**WORKING DATA**

=== Section Start ===

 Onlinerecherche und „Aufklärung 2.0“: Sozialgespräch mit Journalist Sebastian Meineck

=== Section End ===
=== Section Start ===

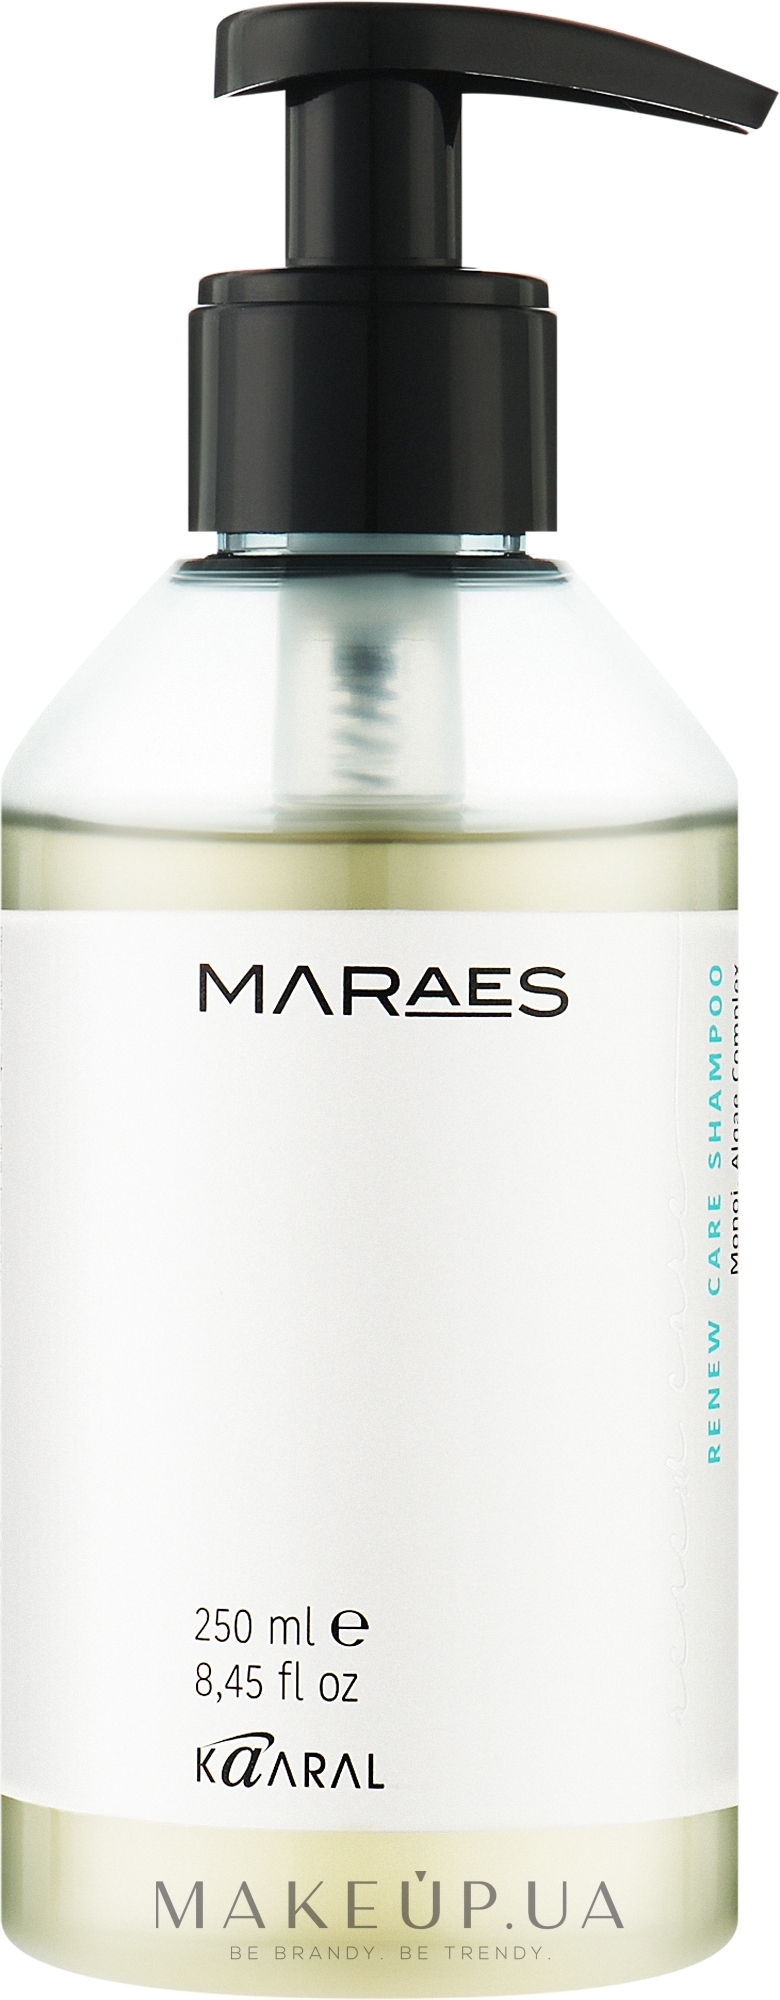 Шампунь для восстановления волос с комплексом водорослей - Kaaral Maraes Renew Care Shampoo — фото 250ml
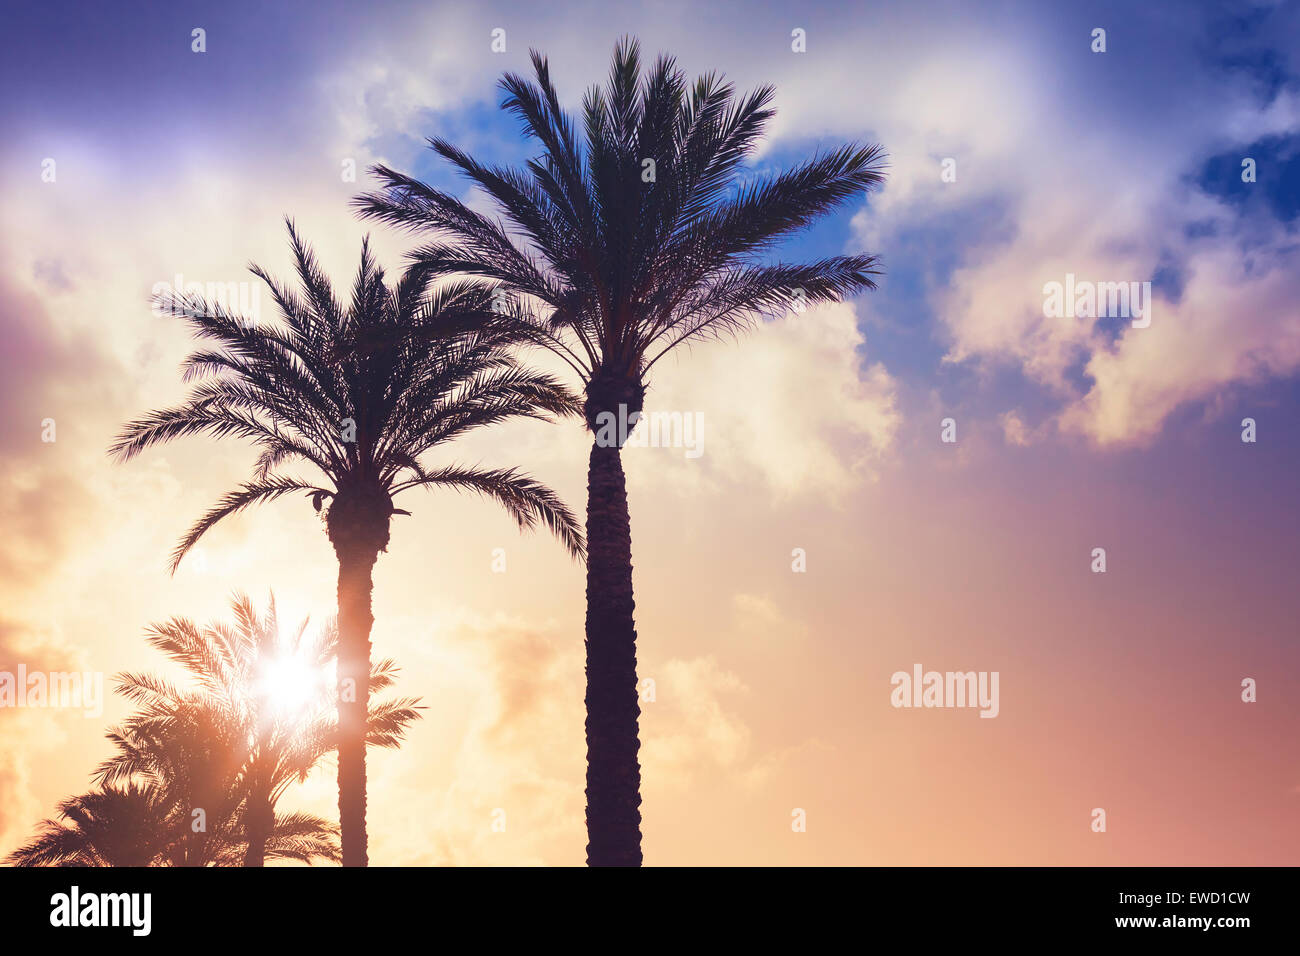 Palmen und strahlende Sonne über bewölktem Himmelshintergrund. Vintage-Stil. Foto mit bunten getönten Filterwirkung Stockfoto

=== Section End ===

**WHAT YOU HAVE TO DO**
Above are some records. Reproduce the lines from the one with "Шампунь для восстановления" down to the one with "Palmen und strahlende", keeping both, and leave every picture out.

**RESULT OF THIS EXERCISE**
 Шампунь для восстановления волос с комплексом водорослей - Kaaral Maraes Renew Care Shampoo — фото 250ml
 Palmen und strahlende Sonne über bewölktem Himmelshintergrund. Vintage-Stil. Foto mit bunten getönten Filterwirkung Stockfoto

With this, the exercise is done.